It’s obvious co-ops won’t do the job. That’s why the insurers like them. It’s a “Don’t throw me in the briar patch” moment for them. They already have a 50-state strategy to deal with local governors, legislative leaders and state oversight boards. Co-ops would be novel, start from scratch, with no track record or trust, and with questionable rules and outcomes. The predictable result will be a mishmash of 50 inconsistent markets vulnerable to the power of the insurers. A sure recipe either for keeping the status quo, or for keeping multiple state markets insulated from reform, perpetuating high profits and poor health care.
Congress has an enormous job to do. So far, it’s still playing around with whether it will do it, not how.
OT – Sen. Dodd has early stage prostate cancer. LINK
Has anyone heard where Senator Dodd will be undergoing treatment?
Canada, UK or France??
I can never resist looking at the interpersonal dynamics of these situations – this is the closest to trash talking we’re ever going to get from Sen Rockefeller – and I enjoyed the hell out of it
it doesn’t hurt that he’s gravitas gangsta with the Villagers either
The only thing I see in the coop proposal is a thinly disguised delay tactic, and I see someone else thinks so too by the looks of that chart.

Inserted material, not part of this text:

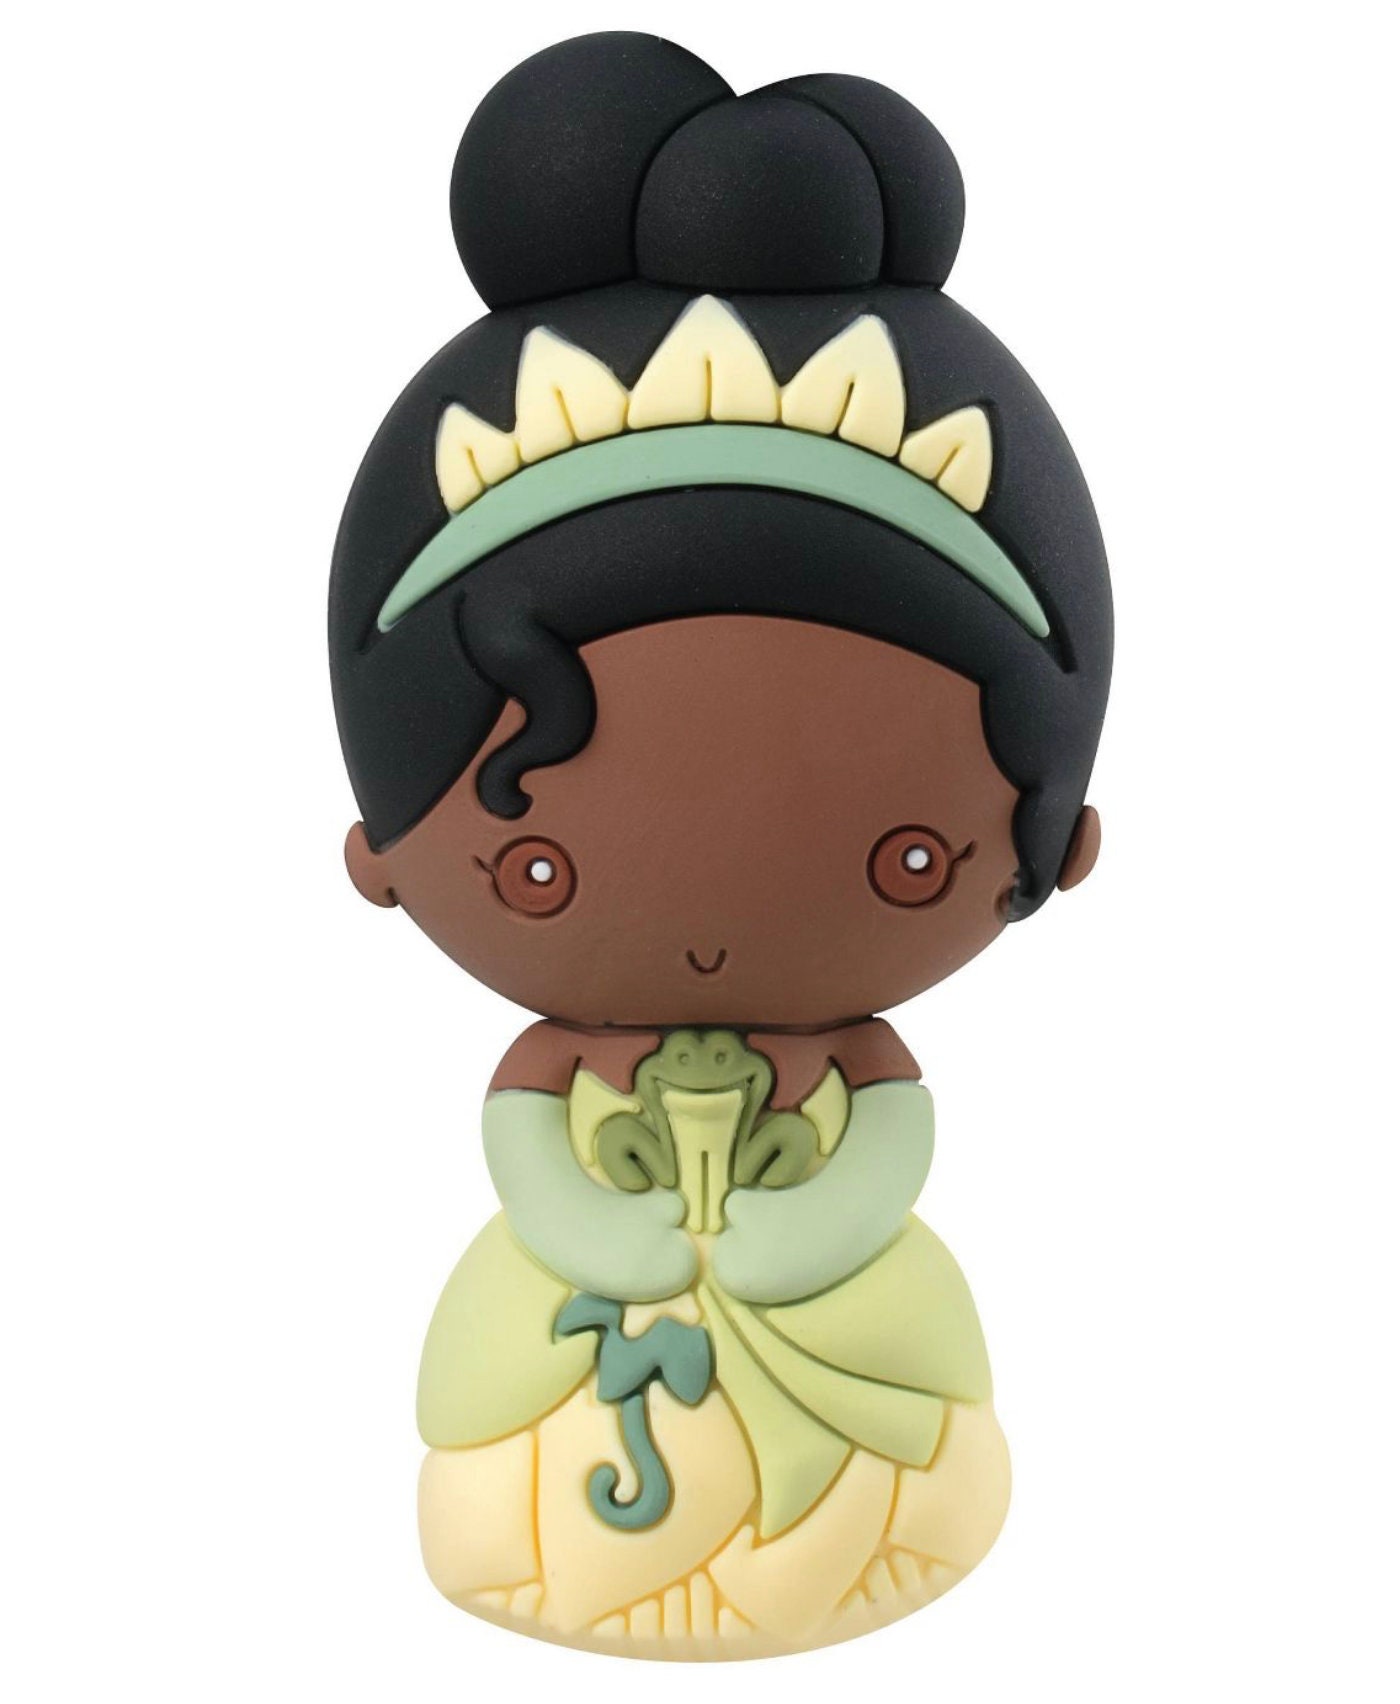 Disney Princess Surprise Figural Bag Clip

I really loved it the other day when he said, I’m a millionaire and maybe my taxes go up a little bit. I’m really not going to notice.
Kinda refreshing in a weird way.
This would be because all he’s doing is reading the insurance company talking points that are included in the envelopes of unmarked 100 dollar bills being handed out to blue dogs and republicans all over DC.
And since rarely does the media question anything of substance in depth, (unlike, say the beer un-summit at the White House yda) he’s been able to spew this nonsense and not be called on it.
It is simply ridiculous to fight against a public option in the name of being fiscally conservative (and they know it), but they expect enough of us to be too stupid to understand that.
It’s just a nonstarter.
I was anxious as hell at the beginning of the week when Senator Stabenow got all mushmouthed about co-ops, but then Sherrod Brown played fiery ‘bad cop’ – publicly calling them “phony!” to Senator Rockefeller’s civil ‘good cop’
nice choreography guys
Blue Texan’s regularly scheduled post is up on the front page: “House Extends Wildly Successful, Popular “Cash for Clunkers”; Republicans Pout”
Make sure you tell your friends to boycott John Stossel’s hit piece on Canadian health care tonight. Do not give that douche bag any ratings.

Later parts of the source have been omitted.